During my recent visit to Poland, my priest friend of 33 years, Father Leszek Harasz, and I were walking in the huge Market Square in Krakow. It was a beautiful sunny day, and many people were milling about the square and going into the Church of St. Mary to spend time in adoration before the exposed Blessed Sacrament. Many Ukrainian refugees were present in the square and organizing a prayer service for the protection of their homeland. There was an atmosphere of openness and free expression of deeply held religious faith.
It reminded me that there were decades in the 20th century when freedom and the expression of faith were not the reality in the streets of Krakow. During the time of Cardinal Karol Wojtyła (later Pope John Paul II), there was a great conflict between the Church and the communist state. One of the very visible manifestations of the tense relationship was the Corpus Christi procession.

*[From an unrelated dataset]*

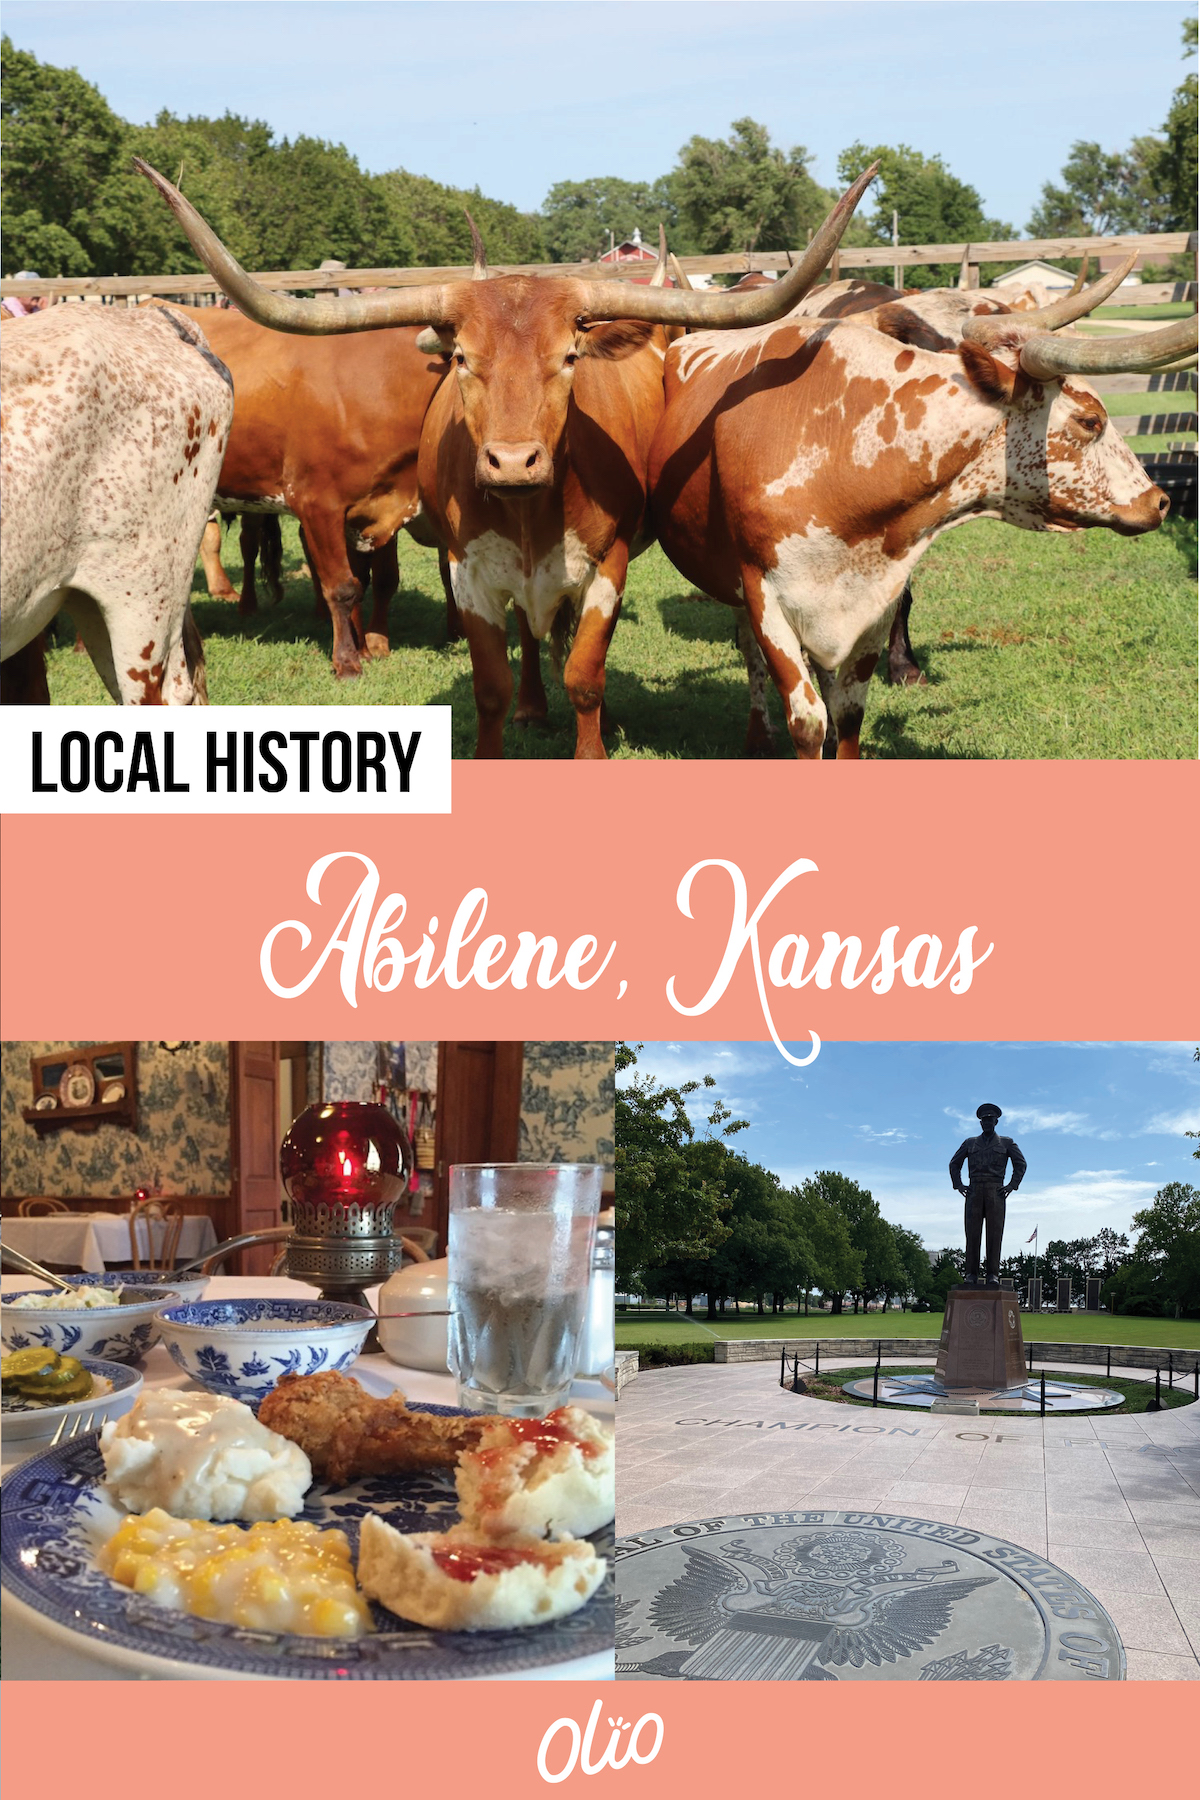 There are lots of unique ways to experience the history of Abilene Kansas. From a presidential library and museum to more than 40 sites on the National Register of Historic Places, there’s a historic site for every sort of traveler in this Kansas community. Explore Old Abilene Town, ride a C.W. Parker Carousel, learn about the 34th President of the United States and so much more.

This historic expression of faith was forbidden by the authorities. It had been banned during the Nazi occupation. Under the communists, because of the insistence of Cardinal Wojtyła, a truncated outdoor procession occurred on the cathedral grounds only. Cardinal Wojtyła was absolutely convinced that the Lord Jesus truly present in the Blessed Sacrament needed to be taken out into the streets as a sign of faith and hope for people and a testimony to the presence of God in their midst.
On June 10, 1971, the first time since the Second World War that the Corpus Christi procession was permitted beyond the cathedral grounds, Archbishop Wojtyła preached at the fourth stational altar, “We are the citizens of our country, the citizens of our city, but we are also a people of God which has its own Christian sensibility…”
His desire to take the Blessed Sacrament into the streets of his beloved Krakow and into the Market Square (where I recently walked) was about claiming a space for God. He was not talking about space in only a geographical sense. Rather, Cardinal Wojtyła was speaking about the Body of Christ, the People of God, the Church, asserting its rightful place in the world. The brilliance of his idea was that the Church as the Body of Christ -- the baptized -- claimed this space by walking in procession with the Real Presence of the Body of Christ in the Holy Eucharist.
For years, the Corpus Christi procession continued in this greatly truncated path. In 1977, during the procession with the Blessed Sacrament, Cardinal Wojtyła said, “I spoke of our matters (freedom to live and express our faith)…so that we might all understand that He, living in the Sacrament of the Eucharist, lives our human life…” Only after his election as pope, on a return visit to his homeland, was he able to take Jesus in the Blessed Sacrament into Market Square.
As we look forward to Corpus Christi Sunday with Mass and the procession with Our Lord in the Blessed Sacrament in our parishes or in St. Paul Cathedral, the words of Pope St. John Paul II should inspire us. We take Jesus Himself in the Blessed Sacrament into our streets to express our deep and abiding faith in Him truly, sacramentally present in our midst, so that a world that desperately needs love and healing may experience His merciful Presence.
That is precisely what Pope Francis spoke of on the Solemnity of Corpus Christi in 2021: “In the end, and at the end of our solemn Eucharistic liturgies as well, only love will remain. Even now, our Eucharistic celebrations are transforming the world to the extent that we are allowing ourselves to be transformed and to become bread broken for others.”